Nosso medo

Há dias que tudo o que se quer é uma boa noite de sono. Você deita querendo espantar o cansaço e adentrar o mundo dos sonhos. Mas, no meio da madrugada, o cachorro late insistentemente, late de forma agressiva. E você levanta para ver o que é. Na rua, um rapaz agride, física e psicologicamente, uma moça. Ela chora. Cachorros, vocês sabem, não toleram agressões. Nós também não deveríamos.

Caso você fosse um homem, eu diria que deveria intervir. Homens, diante do olhar dos seus iguais, tendem a recuar – quando sabem que estão errados. No caso, porém, era eu. Fiquei com receio de intervir e, por ser mulher, acabar junto à vítima. Recorri de imediato ao telefone. Na primeira ligação, “qual a sua emergência?”, só deu tempo de dizer que denunciava um homem batendo numa mulher na rua – a ligação ficou muda. Na segunda tentativa consegui fazer a denúncia e “Está registrado, se der enviaremos uma viatura”. Voltei para acompanhar o ocorrido, a moça havia se levantado (ela chegou a ficar no chão) e as agressões e ameaças verbais continuavam. Mais alguns minutos e eles seguiram. A polícia não apareceu.

Não foi a primeira vez que liguei para a polícia denunciando o mesmo tipo de agressão. Num caso era minha vizinha de porta de apartamento. A última vez foi uma menina sendo agredida pela rua, jogada contra o portão de casa. Em nenhum caso a polícia se fez presente. Em todas, me senti tão amedrontada quanto as vítimas. Toda mulher sabe o que é isso. Todos os homens também deveriam saber. Em todos os casos, como nesta madrugada, várias pessoas foram testemunhas. Ninguém fez nada. Ninguém faz nada. Nós não fazemos nada. Nenhum homem parou o carro e defendeu aquela moça. Eu já disse aqui e repito: enquanto os homens não entrarem nesta briga, seremos só feministas, feminazis, mulheres de mimimi. Tem mulheres, inclusive, que pensam assim.

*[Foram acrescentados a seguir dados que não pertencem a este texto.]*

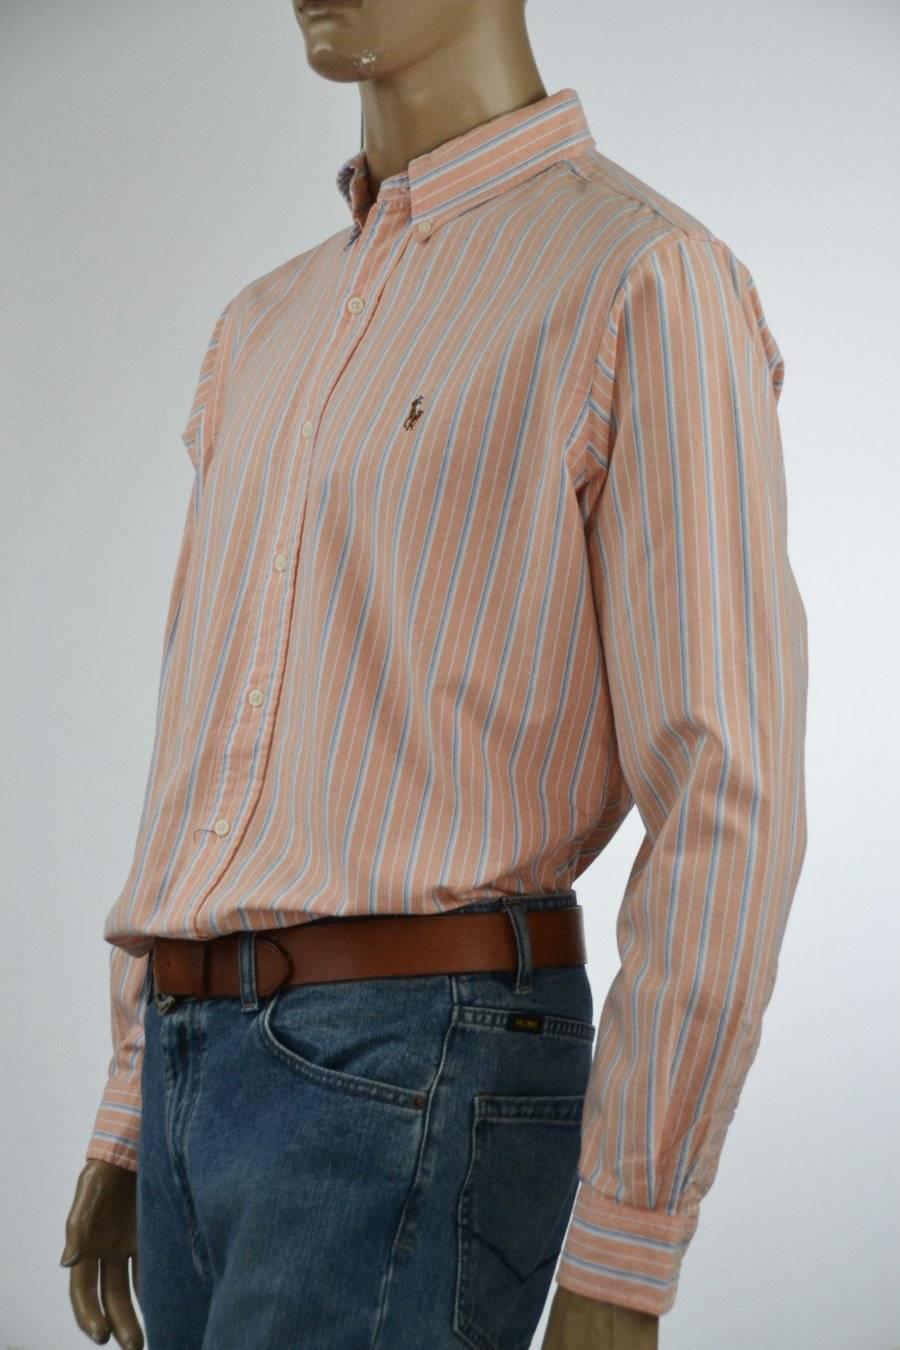 Ralph Lauren Classic Fit Oxford Cotton Peach Stripe Stripe Peach Long Sleeve Shirt/ -Large 1d6d12

Não somos só estatísticas. Somos mulheres agredidas diariamente. A moça desta madrugada tinha menos de vinte anos, com um vestido lindo, corpete salmão e saia rodada de tule preto. O cara que a agredia era algum amigo ou namorado. Ela chorava e ele a chutava. Acusava-a de não ter noção e decência. Ameaçava “vou ligar pra tua mãe” e chutava aquele corpo bonito e jovem encolhido no chão. Depois, ela chorava mais alto e acusava-o de alguma coisa ao que ele retrucava “foi sem querer” e ela “é sempre sem querer”. Meninas, moças, mulheres: todas somos vítimas de relacionamentos abusivos. Percebam o tamanho da estupidez e segurança deste idiota ao ameaçá-la de telefonar para a mãe, pois ele tem certeza que ela jamais denunciará sequer à mãe a agressão.

Eu nunca consigo saber o que é maior: minha revolta, meu medo, minha empatia, minha insegurança, minha covardia. Eu voltei para a cama. Tive sucessivos sonhos ruins. Os traumas e lembranças não perdoam. Toda mulher vive com eles, escondidos lá num canto, sem querer vê-los, mas jamais serão abandonadas por eles. Era só uma madrugada de sexta para sábado, eu queria dormir até mais tarde, eu queria repor as energias e pensamentos das últimas semanas exaustivas. Aquela moça só queria divertir-se, dançar, aproveitar a vida. Nenhuma de nós teve o que queria porque a realidade de ser mulher nos assombra quando menos esperamos. Eu quero vencer o medo, quero poder fazer mais do que pedir ajuda quando testemunho uma igual sendo agredida. Eu ainda não consigo.